[What to produce] Take the material below and extract the lines from the one with "Mia Belle Girls" through the one with "Dell MD3460 manual", word for word, without pictures.

[Data supplied]

'''

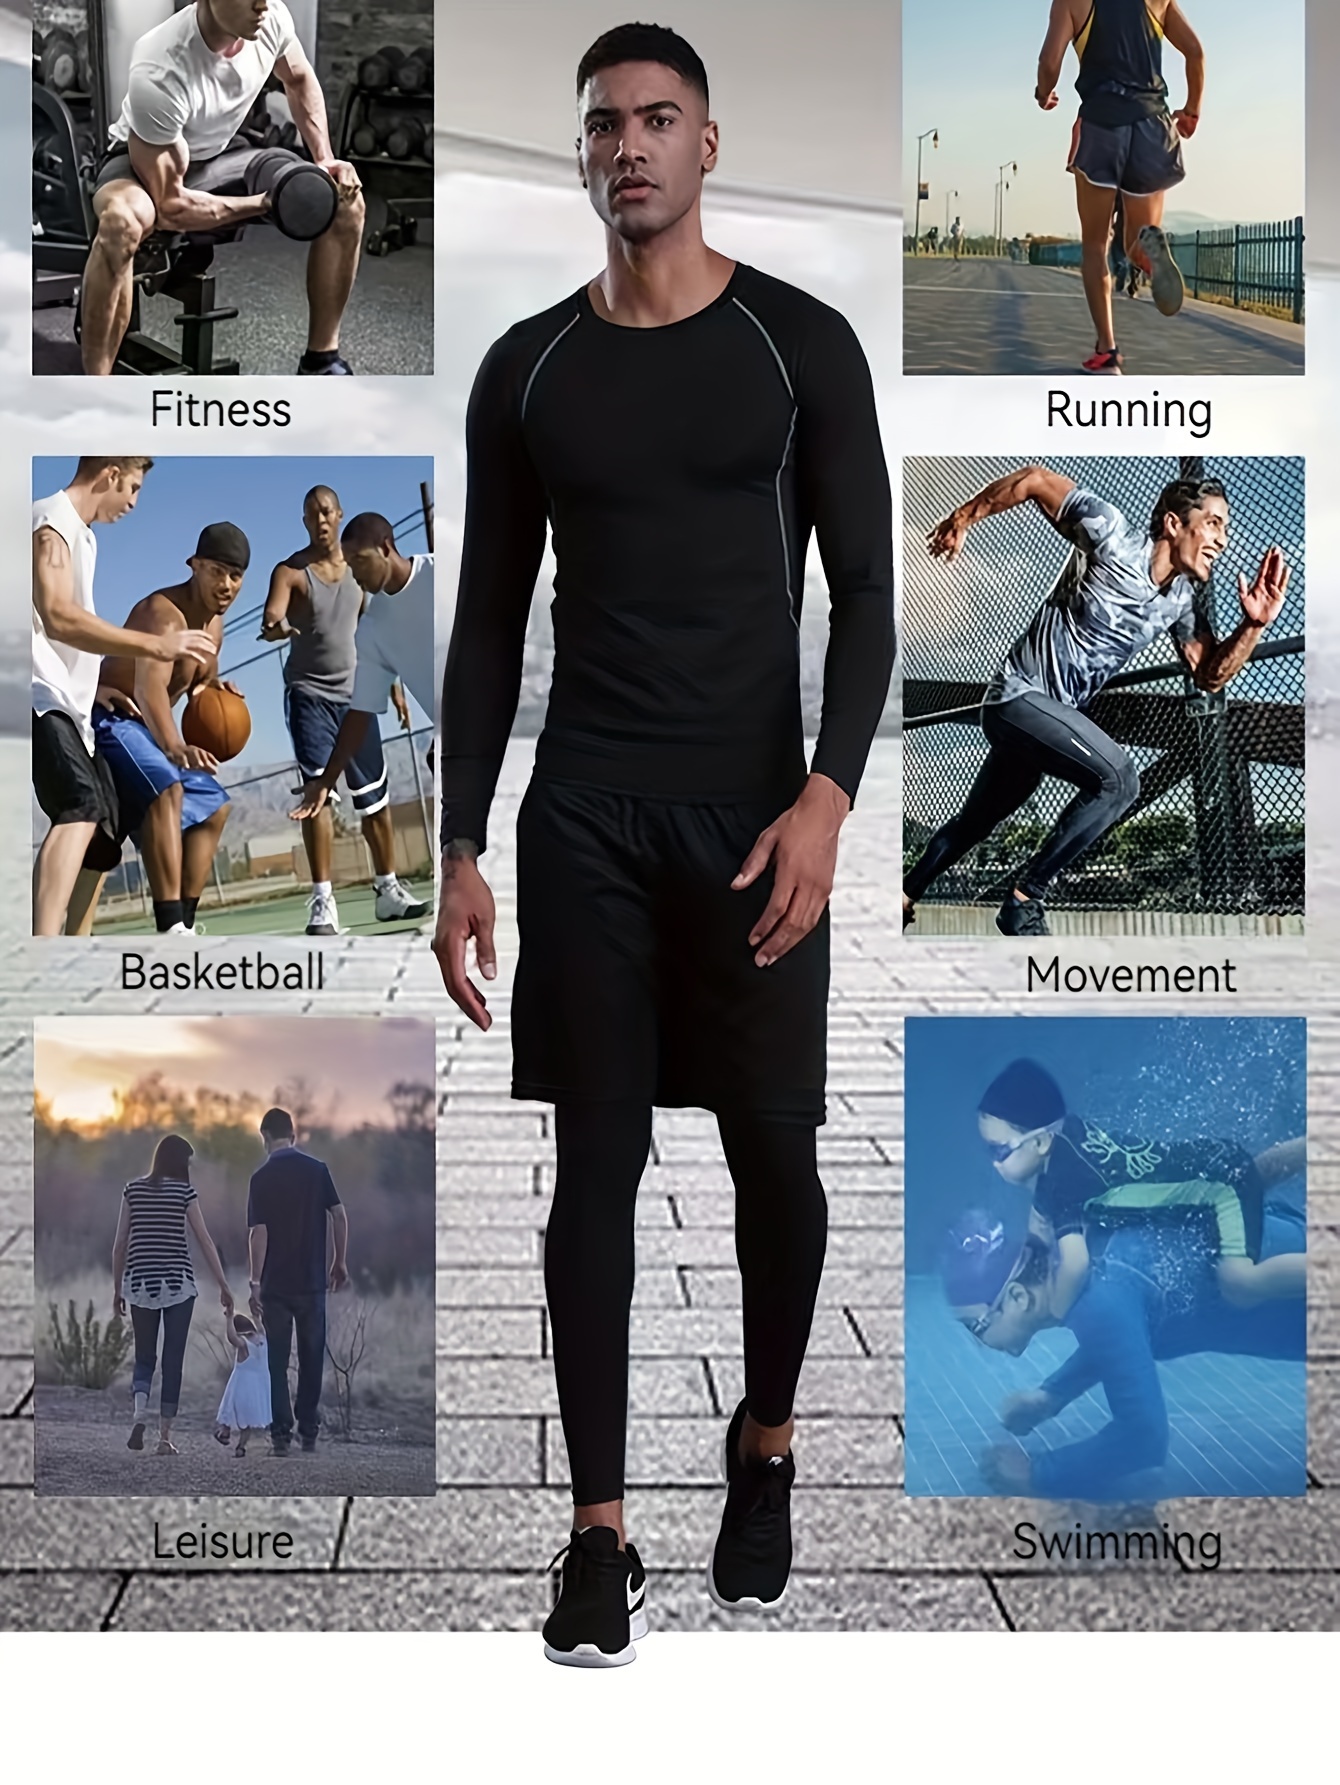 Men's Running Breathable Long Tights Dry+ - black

'''
'''

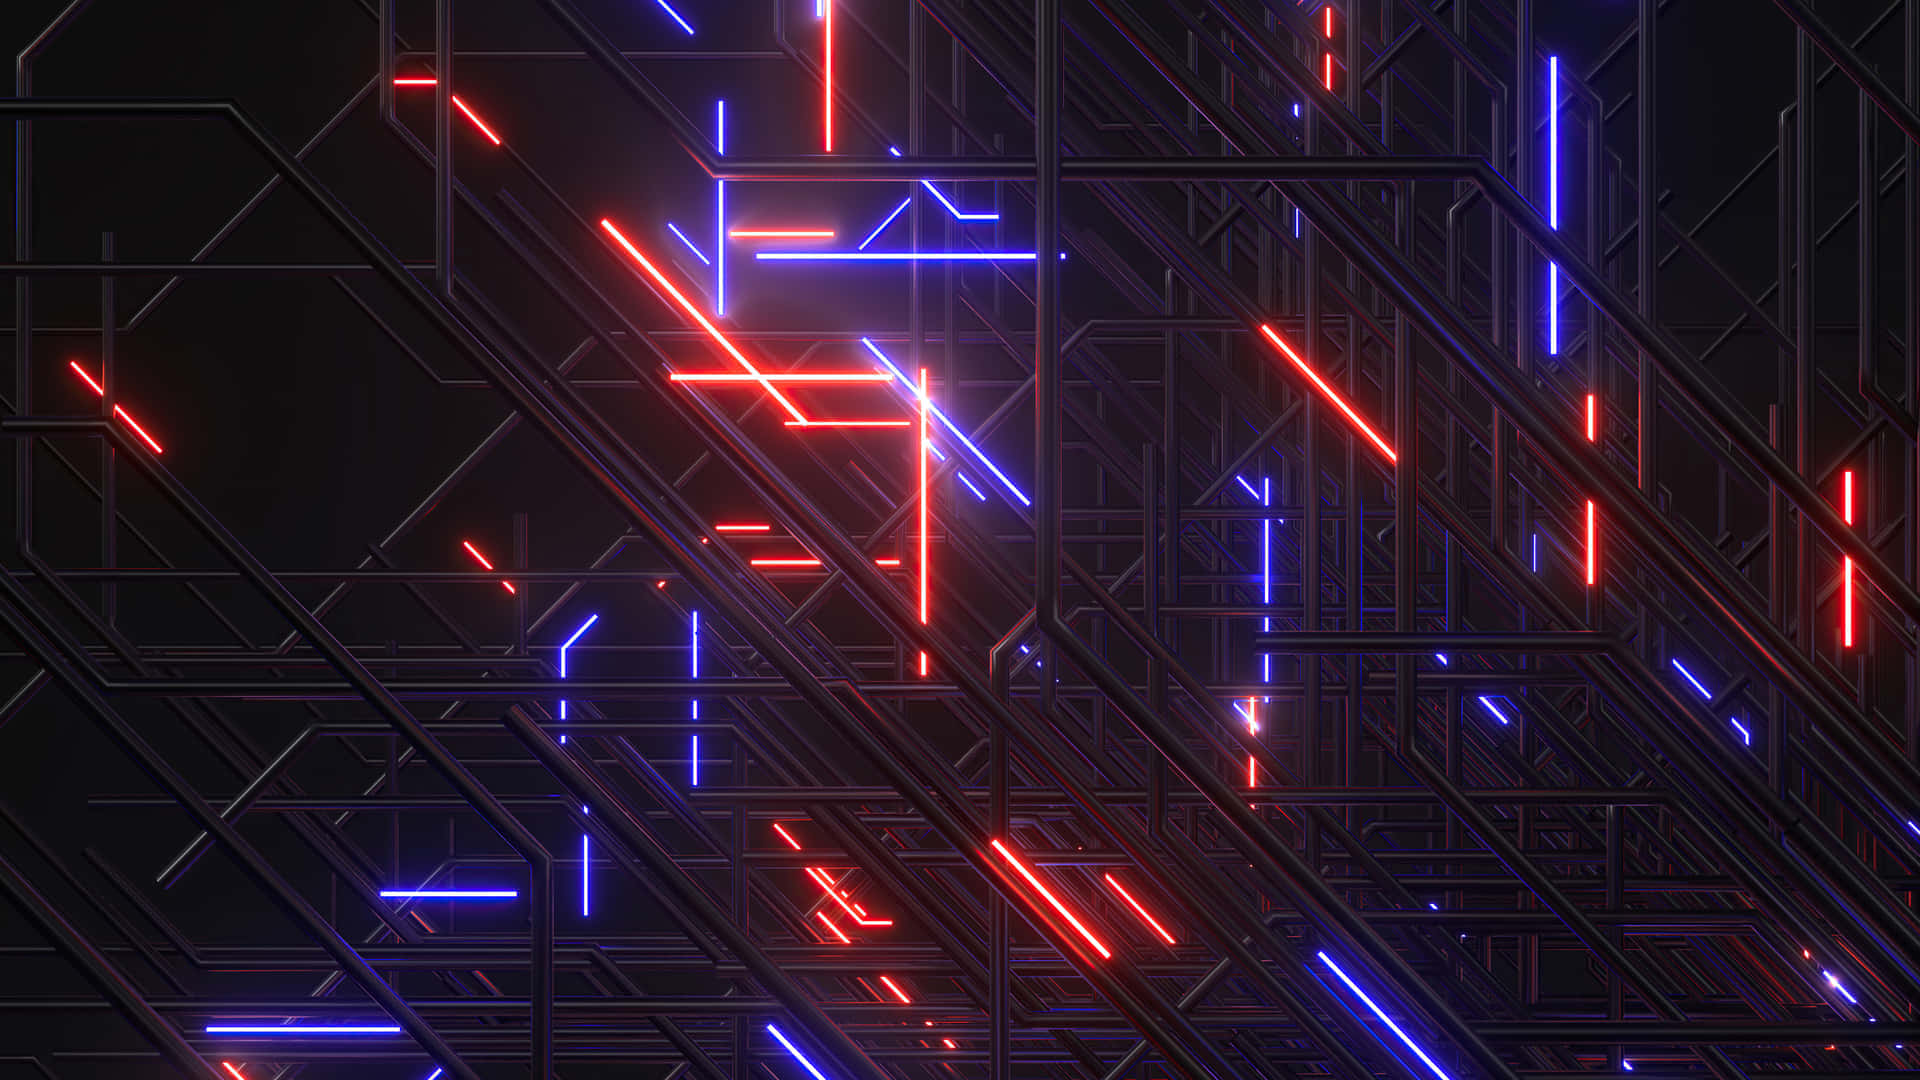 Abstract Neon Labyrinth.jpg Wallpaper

'''
'''

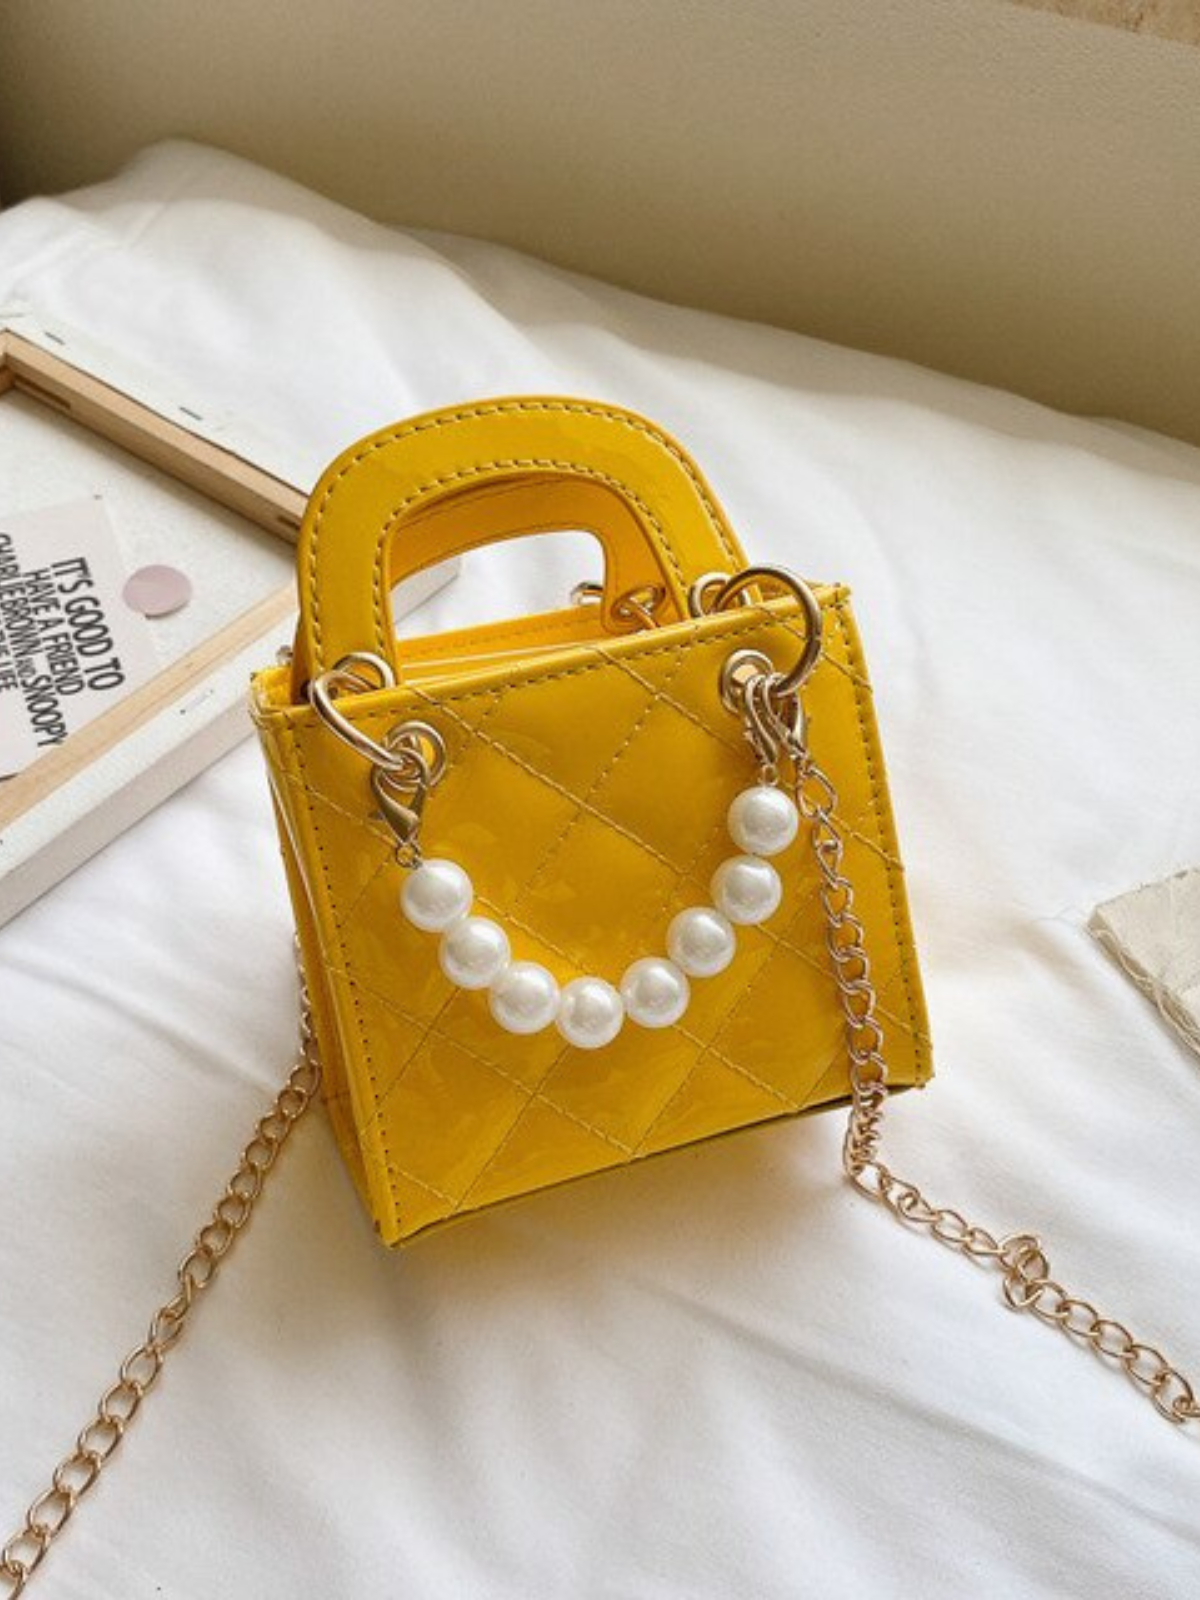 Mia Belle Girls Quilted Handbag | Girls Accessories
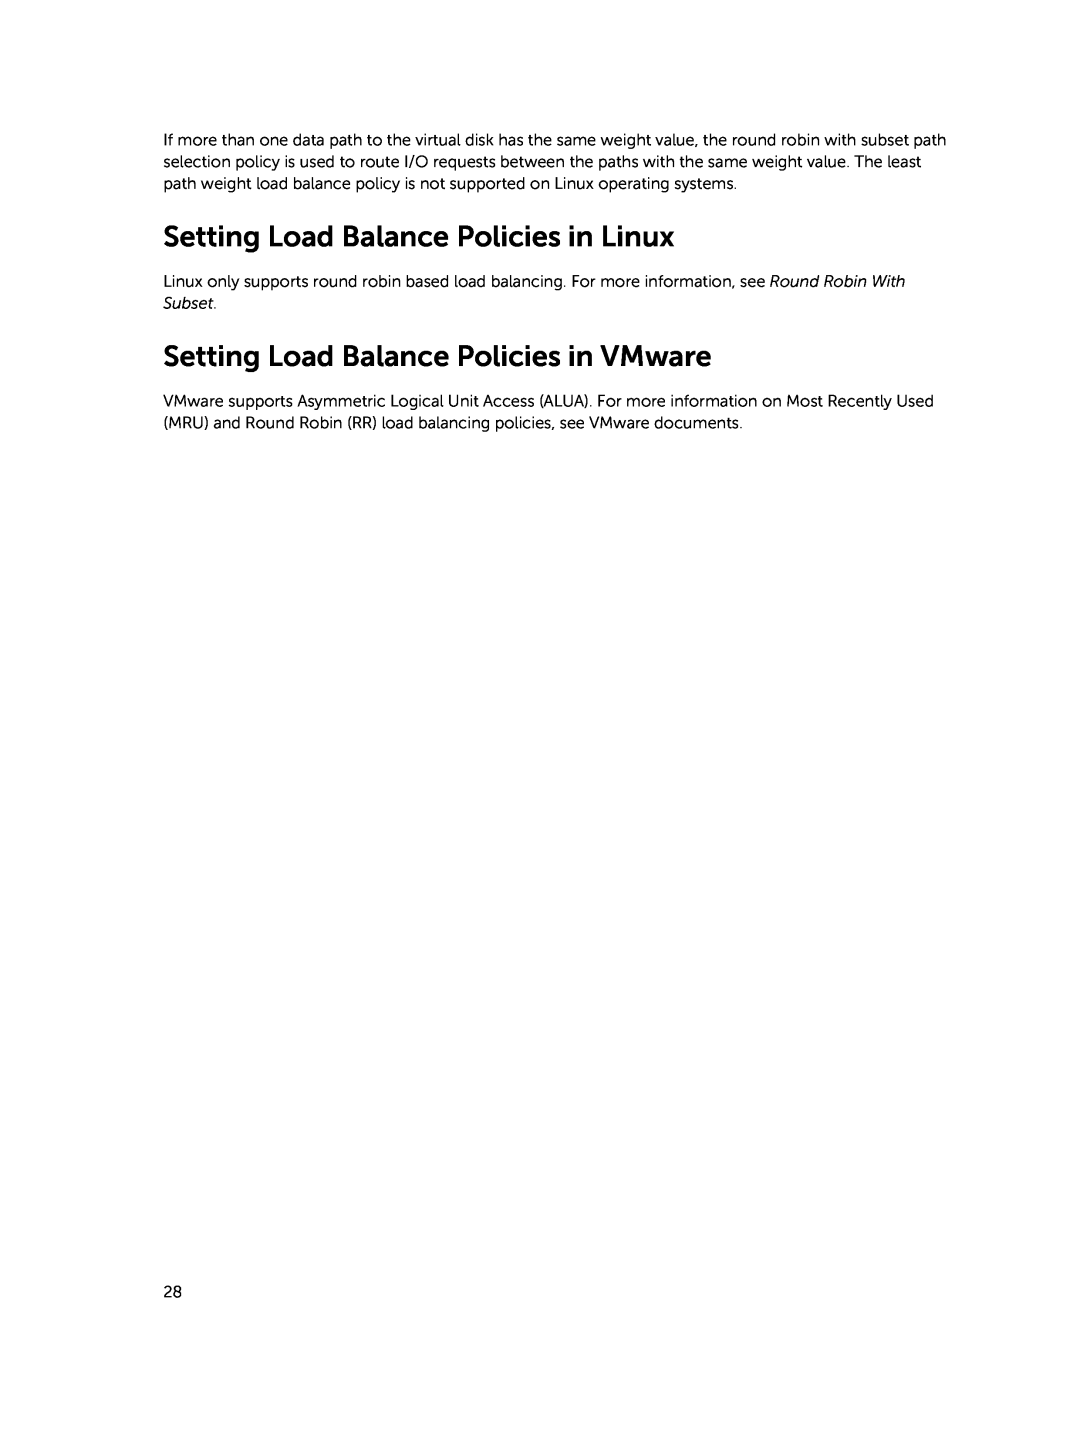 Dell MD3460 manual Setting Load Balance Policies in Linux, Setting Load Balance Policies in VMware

'''

[Solution to the exercise]
 Mia Belle Girls Quilted Handbag | Girls Accessories
 Dell MD3460 manual Setting Load Balance Policies in Linux, Setting Load Balance Policies in VMware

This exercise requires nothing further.